**What you will do**
Write out the data word for word and omit every picture.

**Source material**
^^^^^^^^

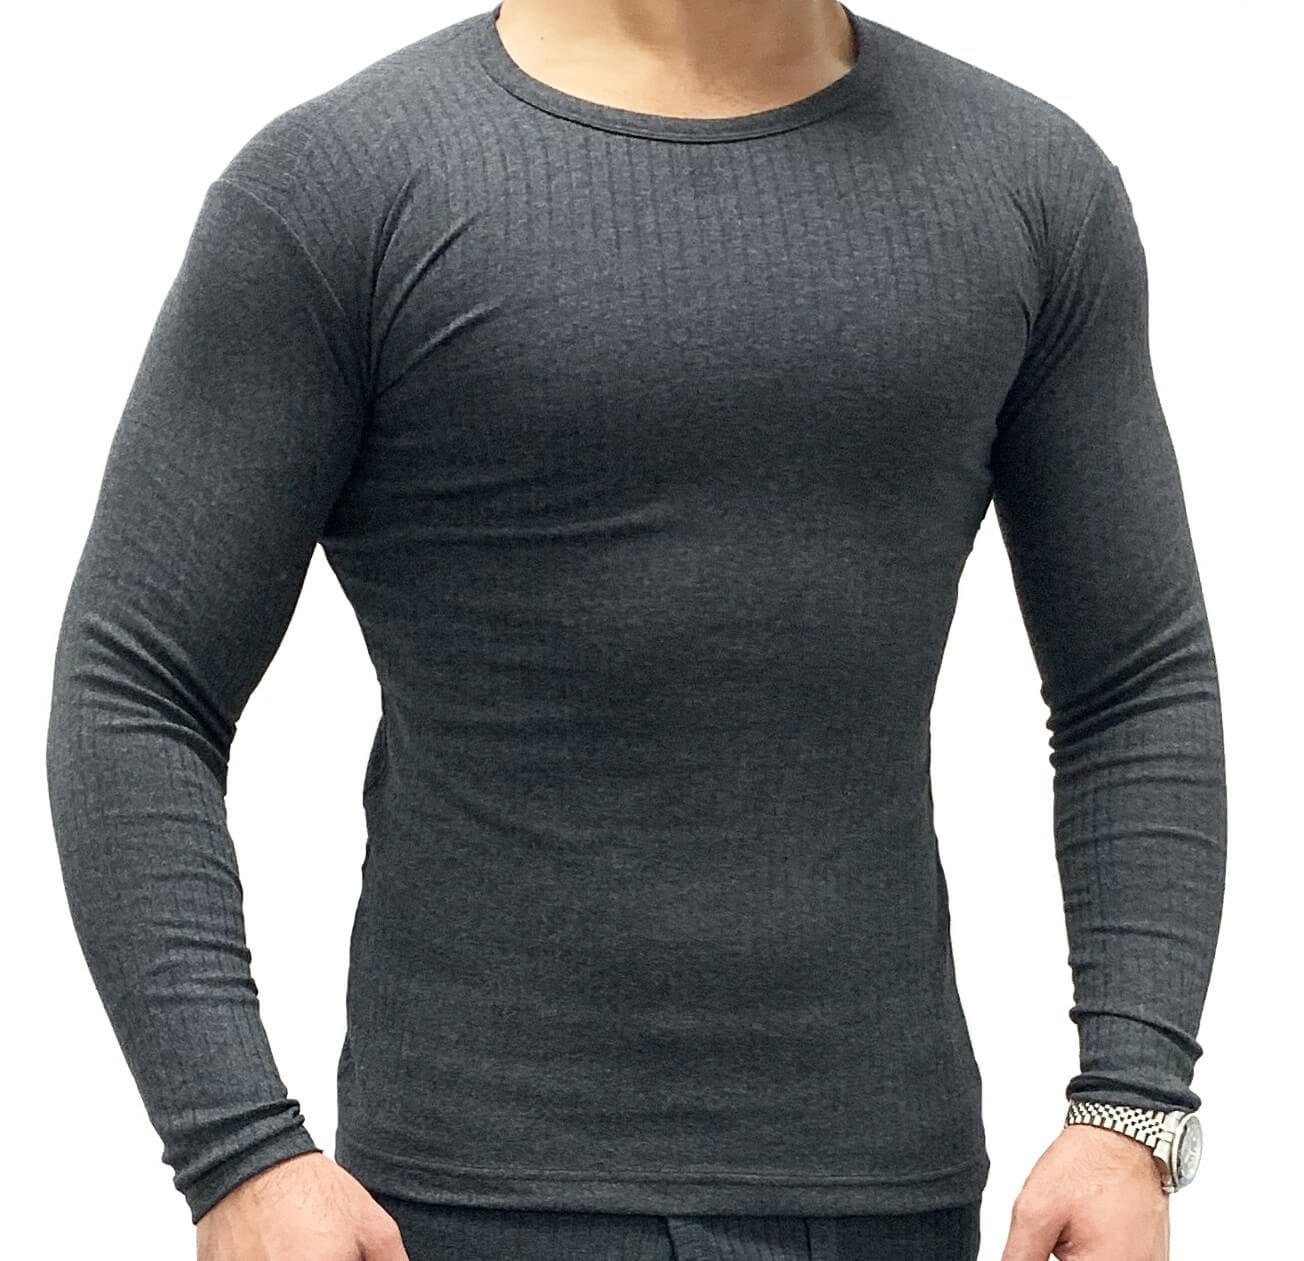 Garcia Pescara Thermounterhemd warmes langärmliges Thermo-Shirt für Herren weich, elastisch anthrazit
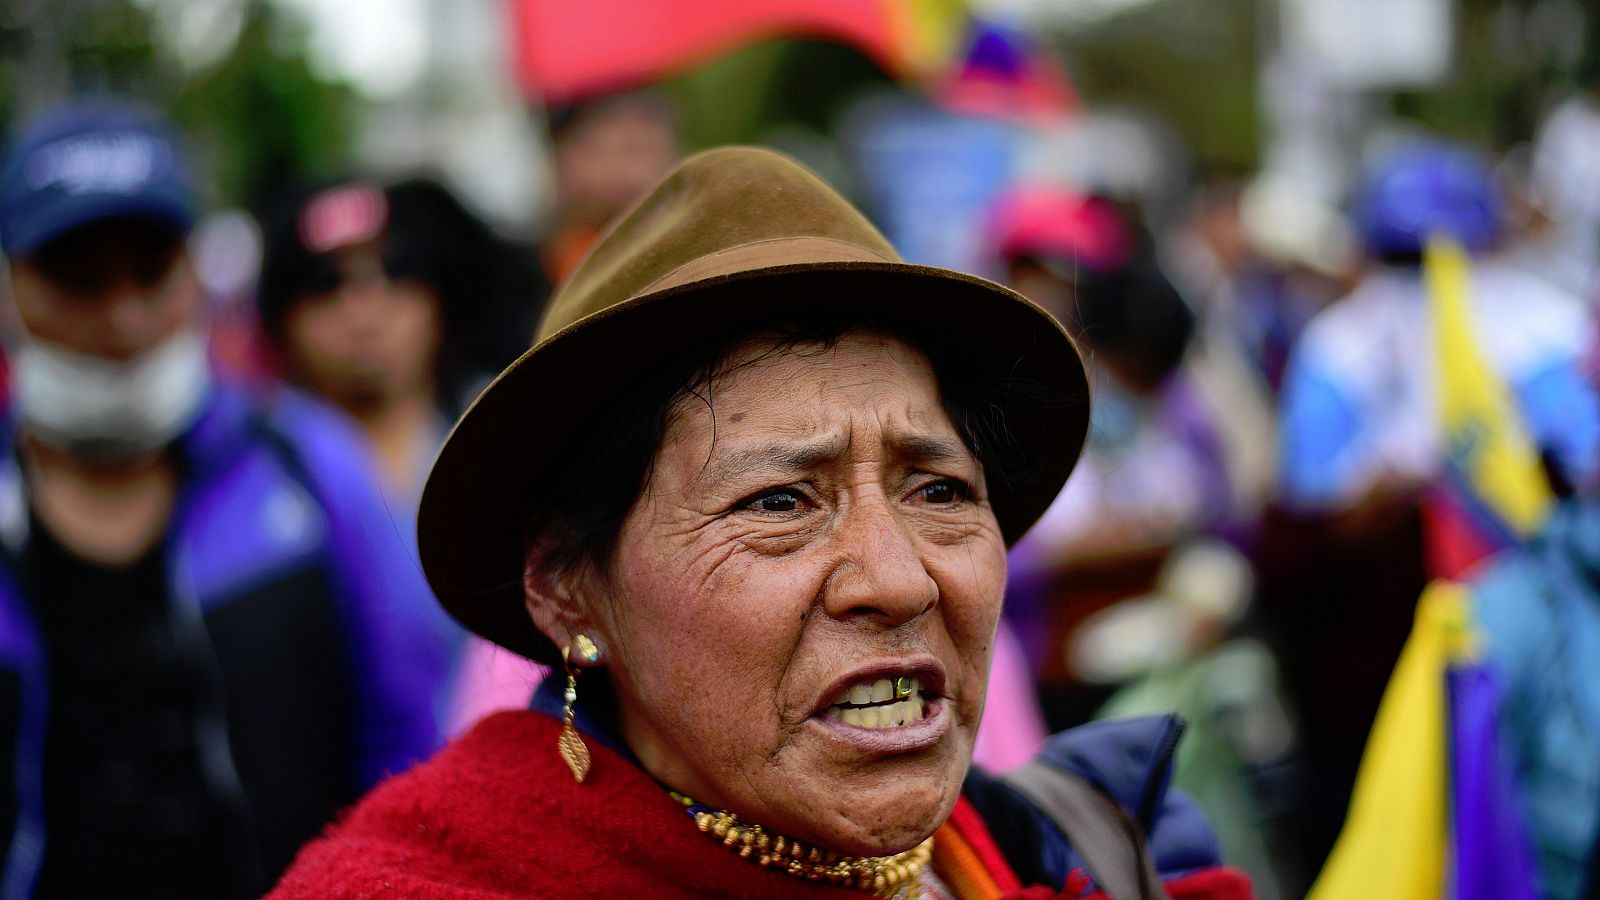 Telediario 1: Sigue aumentando el número de víctimas en los enfrentamientos de Ecuador | RTVE Play
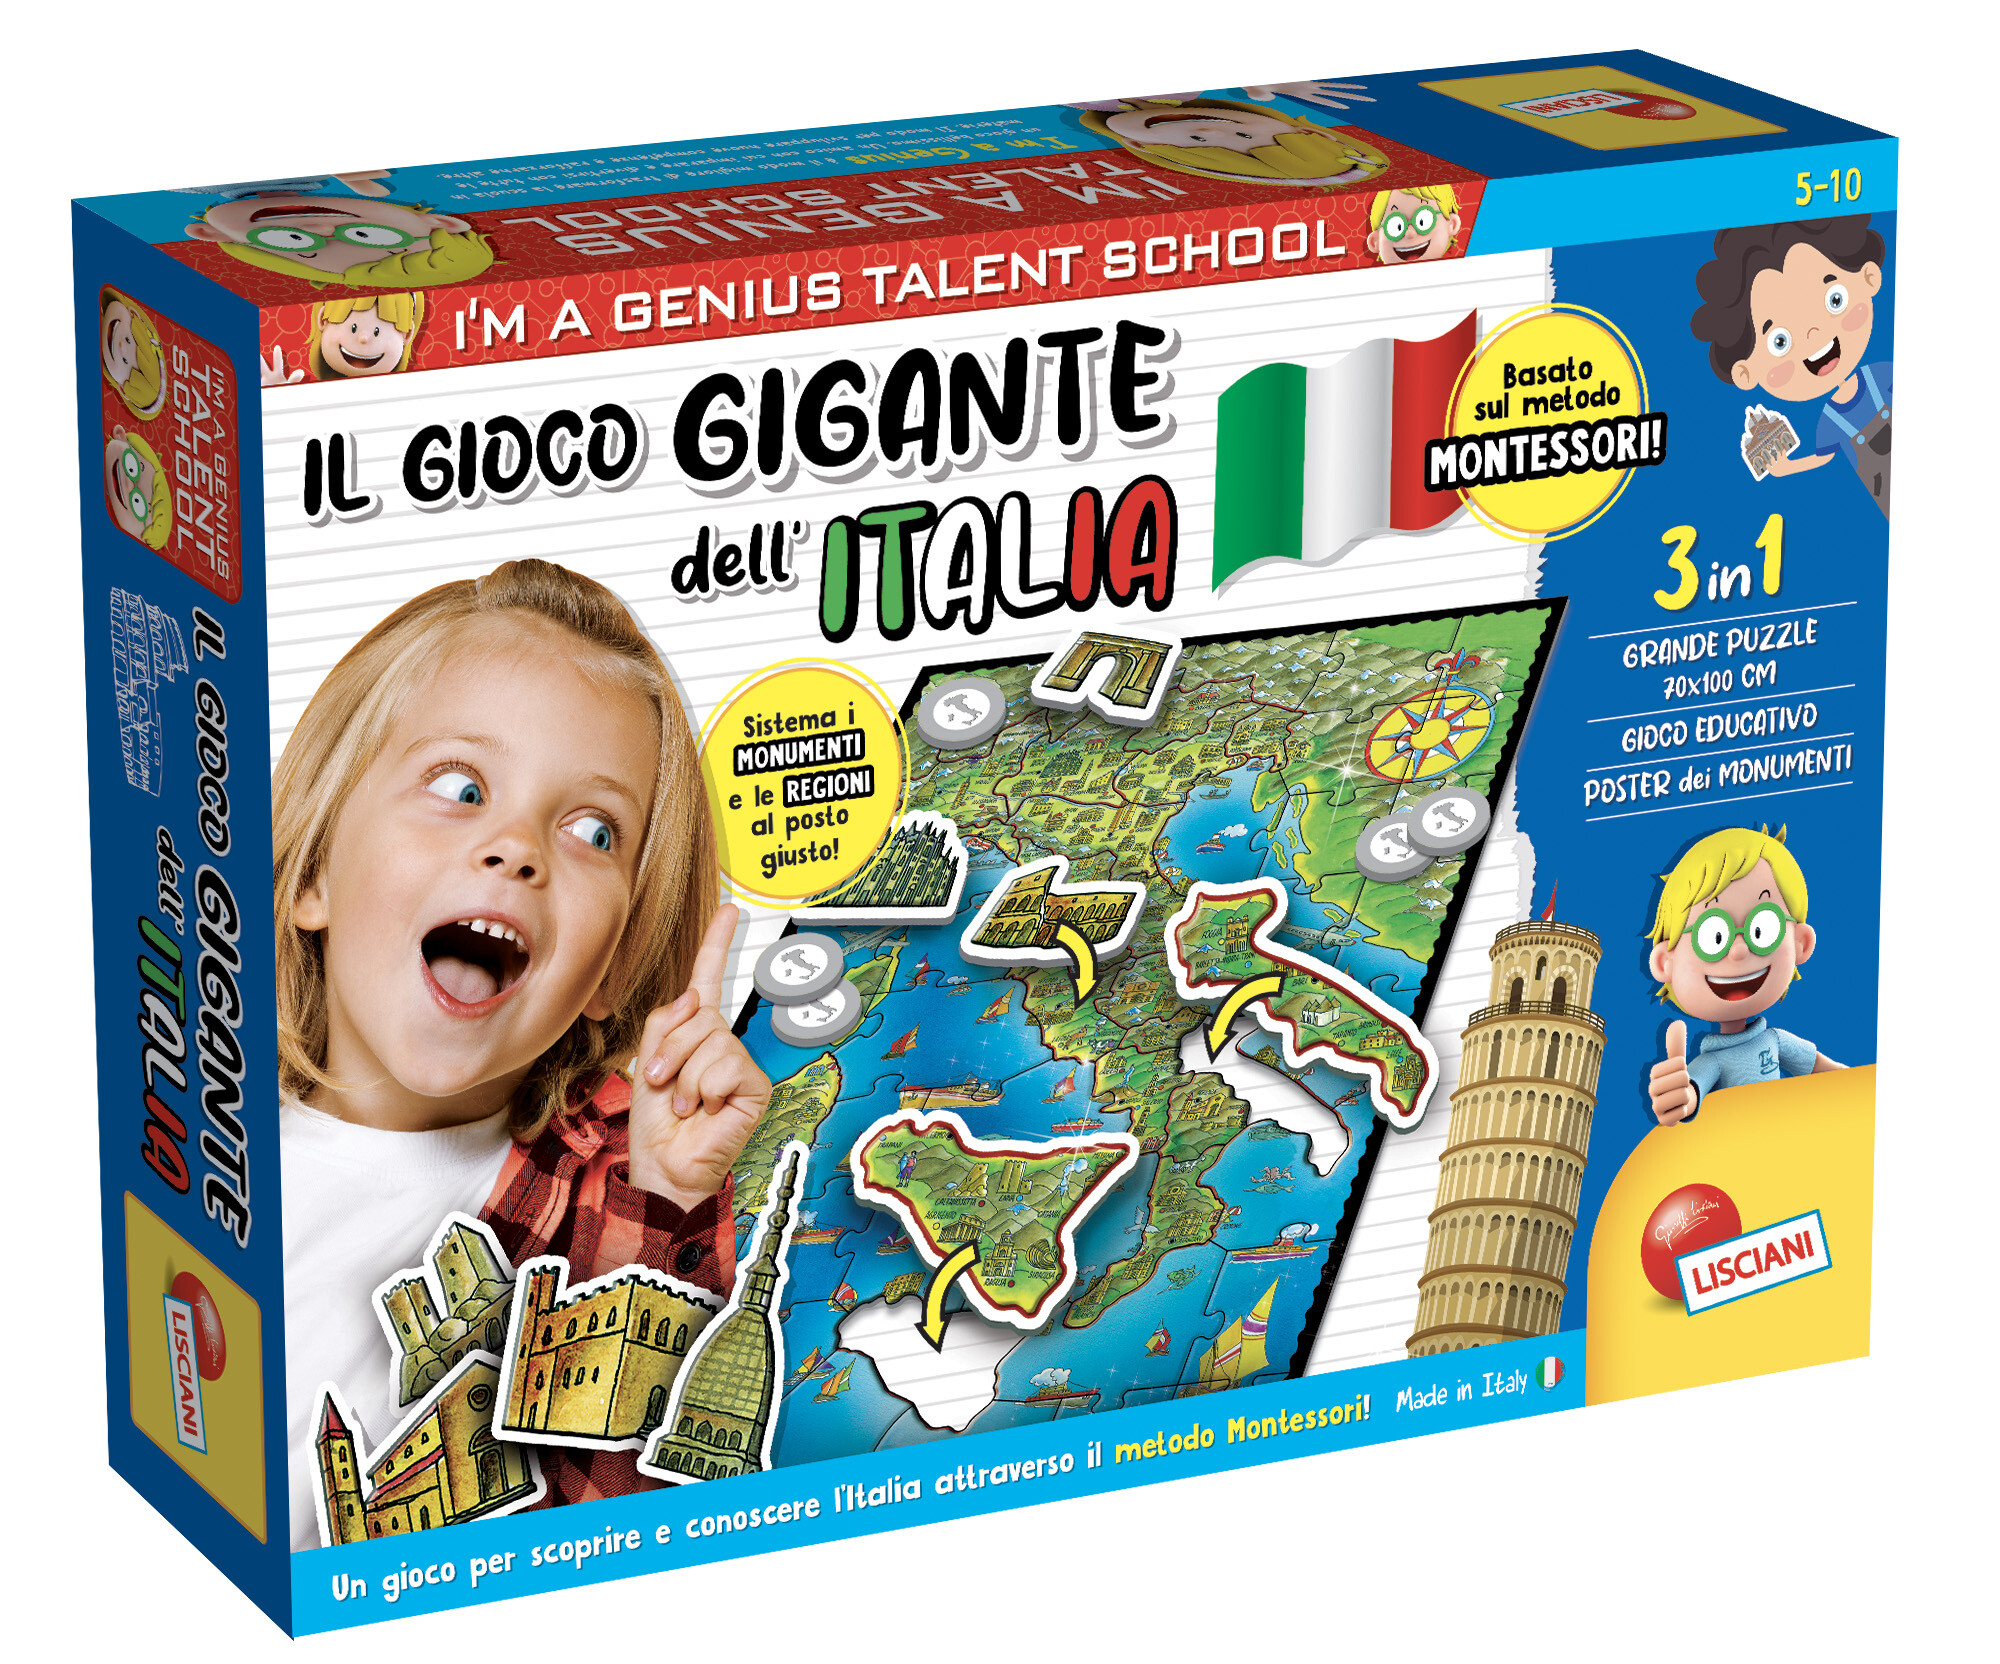 I'm a genius il gioco gigante dell'italia montessori - LISCIANI

^^^^^^^^

**Solved problem**
 Garcia Pescara Thermounterhemd warmes langärmliges Thermo-Shirt für Herren weich, elastisch anthrazit
 Telediario 1: Sigue aumentando el número de víctimas en los enfrentamientos de Ecuador | RTVE Play
 I'm a genius il gioco gigante dell'italia montessori - LISCIANI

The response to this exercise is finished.